The degree of polymerization conversion (DC) of experimental and control composites after light cure for 40 and 80 s was measured using FT-NIR and the result is shown in Figure 8. There is no significant difference in DC between 40 and 80 s light cure for each composite (p > 0.05). There is also no significant difference in DC with different concentration of antibacterial monomer II (p > 0.05). This result indicates that the antibacterial monomer (within certain concentration range) does not affect the photopolymerization of the dental composites. Light cure with a traditional quartz-tungsten-halogen (QTH) dental curing light for 40 s is sufficient to polymerize the composites.
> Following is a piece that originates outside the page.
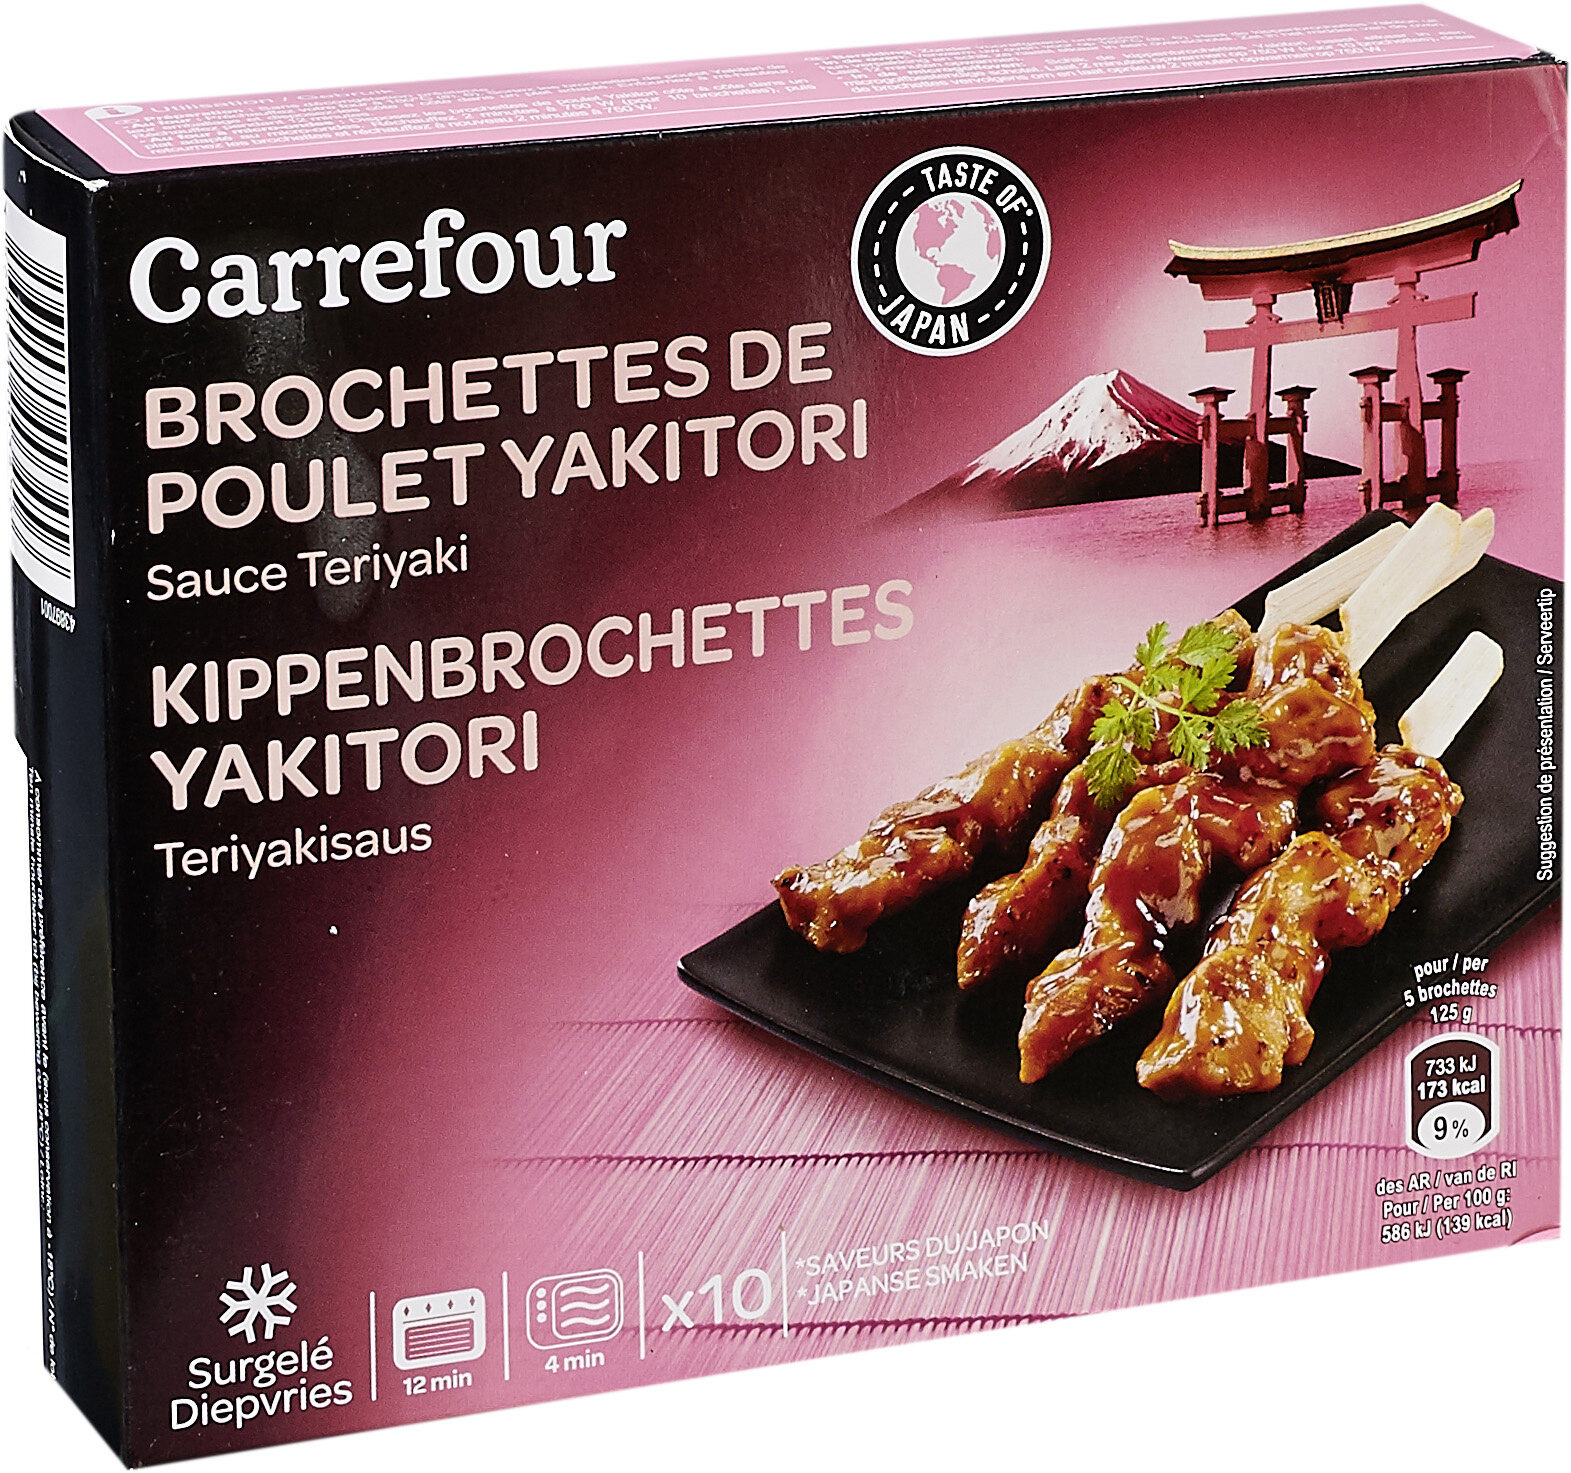 Brochettes de poulet Yakitori à la sauce Teriyaki - Producte - fr

Physical and mechanical properties
The flexural strengths of the experimental and control composites after immersion in water for 24 h and 3 months are shown in Figure 9. After 24-h immersion, the mechanical properties of all experimental composites containing up to 6% antibacterial monomer II (PC-0.6 - PC-3) are statistically not significantly different from that of control (p > 0.05) while the flexure strength of PC-6 decreased significantly (p < 0.05). After 3 months, PC-0.5 –PC-3 maintain the similar flexure strength to that of control (p > 0.05) but the strength of PC-6 decreases significantly (p = 0.004). The reduction of mechanical properties of PC-6 can be attributed to the increased monomer II content and increased water sorption of the composite as shown in Figure 10. Since the antibacterial monomer II is a long-chain quaternary ammonium salt (a highly polar molecule), it can increase water sorption of the composite as well as function as a plasticizer itself (increasing the distance and reducing the chain entanglement between polymer chains). Both effects can lead to the reduction of the mechanical properties of the composite. Therefore, the antibacterial monomer content in the composite should be limited (to ca. 3%). Figure 11 shows the appearance and colors of experimental and control composites after immersion in water for 7 days. It appears these experimental antibacterial dental composites have an acceptable color, similar to that of the control composite.
Fluoride release
A composite that has both high fluoride release capability and antibacterial effect would have enhanced caries–inhibitive efficacy, and therefore, highly desirable. As discussed before, the antibacterial monomers containing quaternary ammonium salts in this study are in the fluoride form instead of the usual chloride or bromide forms. After photo-polymerization, while the cation part of the monomer is copolymerized with other dental monomers and thus immobilized on the composite, the fluoride (anion) can be released through exchange with other anions (e.g., hydroxide, chloride, or phosphate ions) in water or saliva. Therefore, adding the fluoride form of antibacterial monomer II in a composite can have benefit of increasing fluoride release without significant reduction of its antibacterial effect (see Supporting Information 2).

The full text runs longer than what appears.